Her memoir is a reminder of how close to the epicenter she once had been. She opened for the Doors (and was unimpressed with Jim Morrison) and toured with Young, whom she reveres. A highlight is her account of an all-night jam with Gram Parsons and Richards, Parsons disappearing at intervals to ingest drugs. At one point, Richards played “Wild Horses,” a new song he had written with Mick Jagger for the next Stones album. Parsons begged to record it ahead of them. To her astonishment, Richards complied.
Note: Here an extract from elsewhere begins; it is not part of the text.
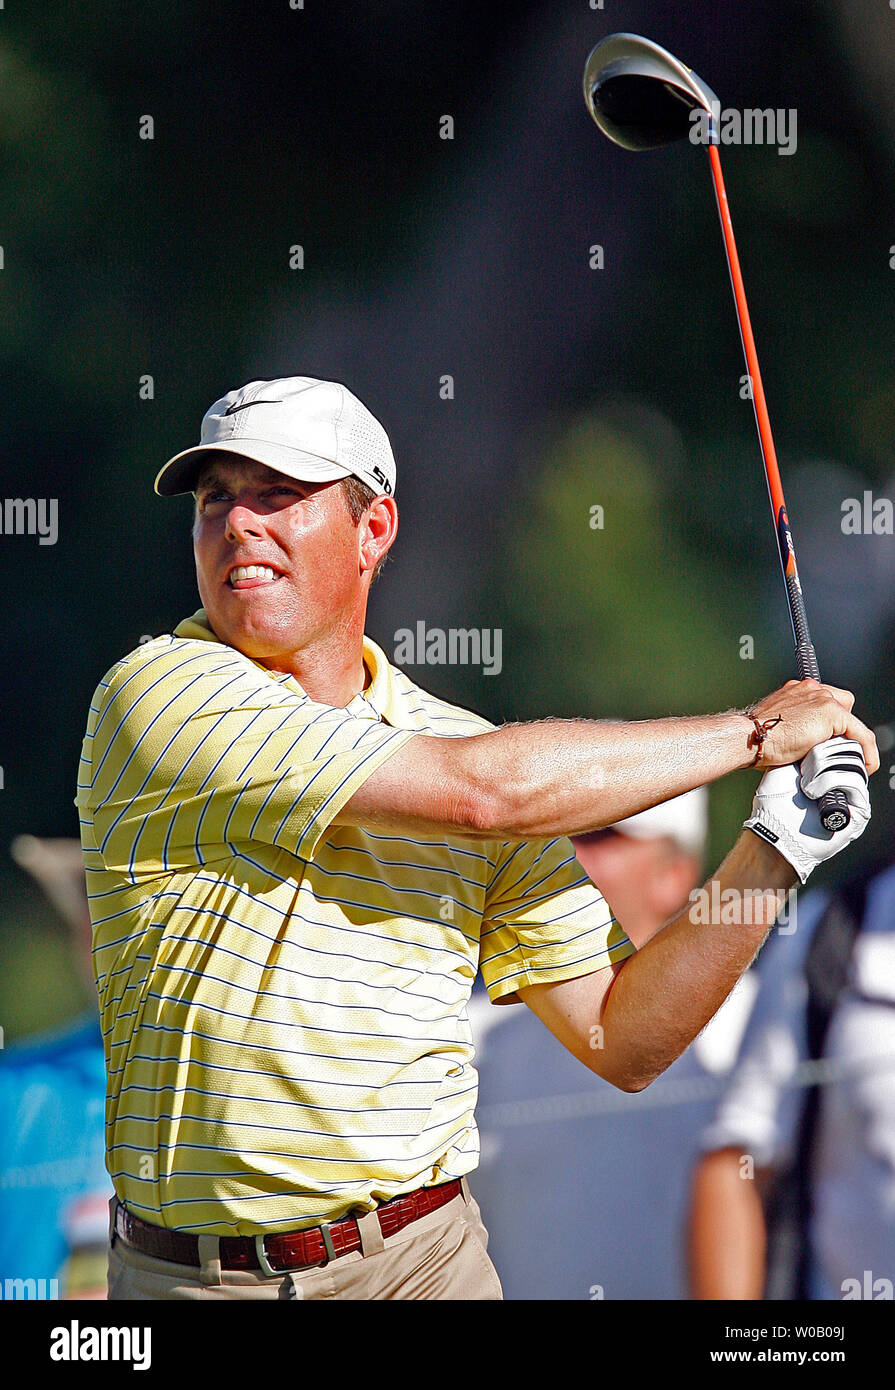 Justin Leonard watches his tee shot on the fourth hole in the second  round of the 89th PGA Championship at Southern Hills Country Club in Tulsa, Oklahoma on August 9, 2007.   (UPI Photo/Gary C. Caskey) Stock Photo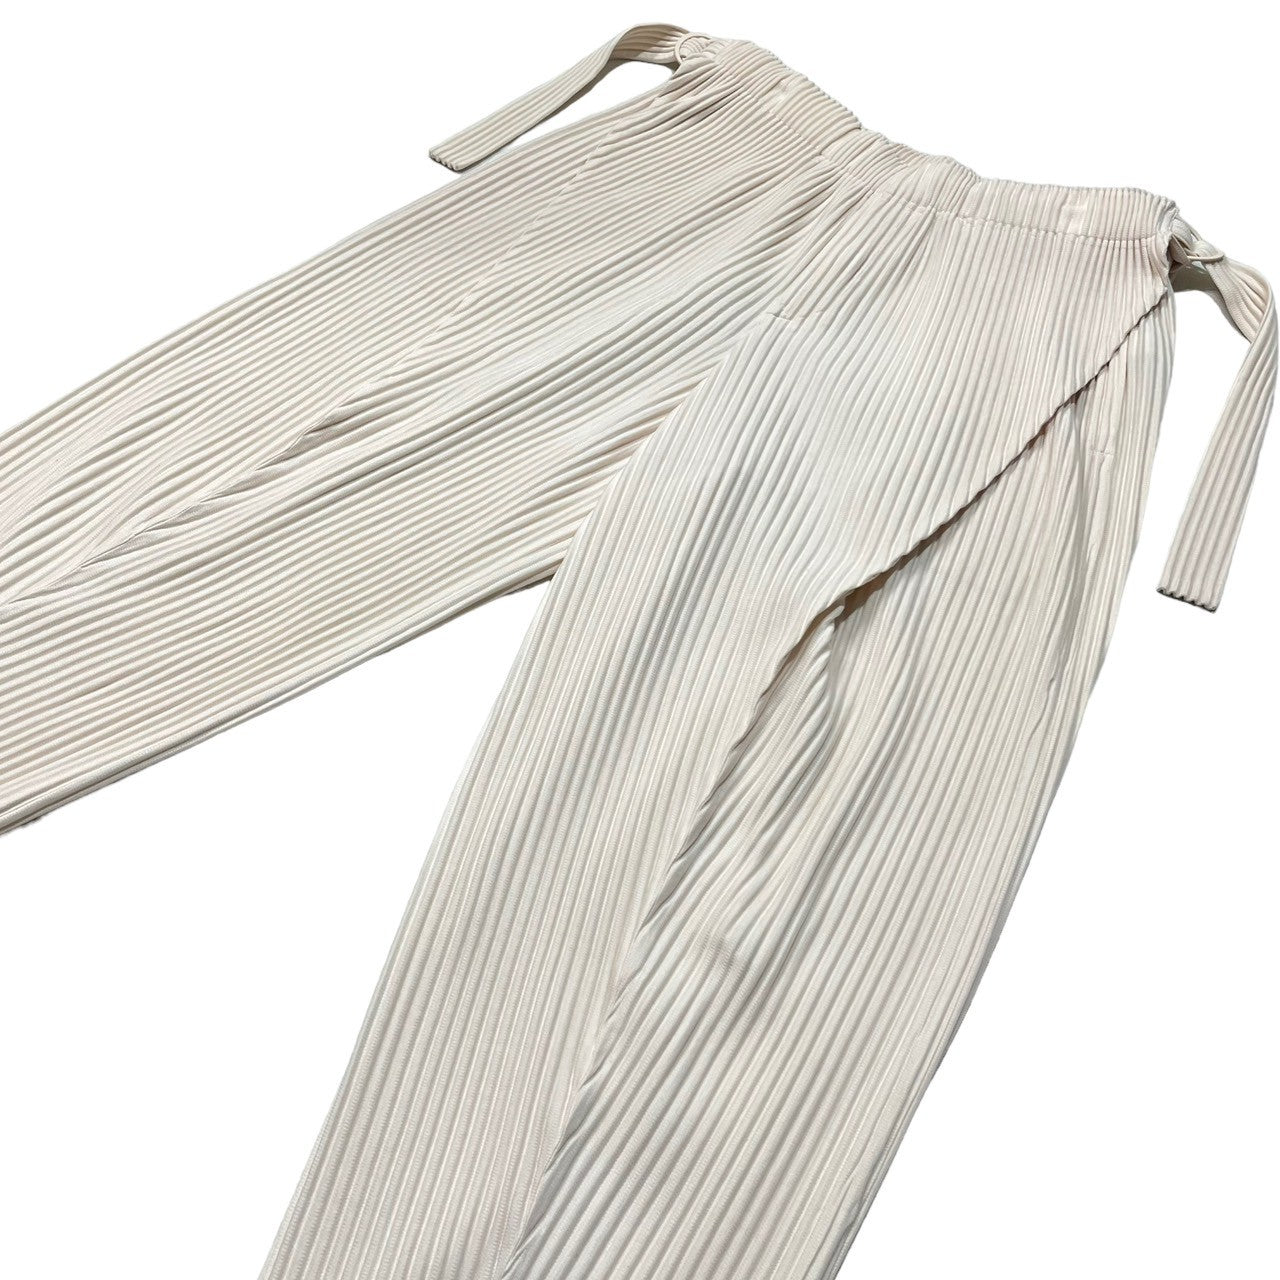 HOMME PLISSE ISSEY MIYAKE(オムプリッセイッセイミヤケ) 22SS BODY ARCH belted pleated pants ベルテッド プリーツ パンツ HP21JF176 SIZE 3(L) ライトピンク

The subtitle “Musical Memoir” signals what Ronstadt’s book is about, but also what it’s not about – the hedonistic excesses of the pop star’s life. She sidesteps the rampant drug use, although in conversation she acknowledged, “I tried everything,” including cocaine, which she did to such excess that she needed to have her nose cauterized twice.
For Ronstadt, who was often the only woman on the bus and in the hotel, those were not always happy times. “All the men chased girls,” she said. “They were good guys,” she said. “Well, no, they weren’t. They were cowboys. They were gunslingers.”
But many remain good friends, as do most of the celebrated boyfriends, such as Gov. Jerry Brown. And yet, keeping the vow of “I Never Will Marry”, Ronstadt is single. She has two children, ages 22 and 19, who share her three-story home.
“They can’t believe I had a life before them,” Ronstadt said, almost shrieking with laughter. “I live a very quiet life here, nothing like I did.”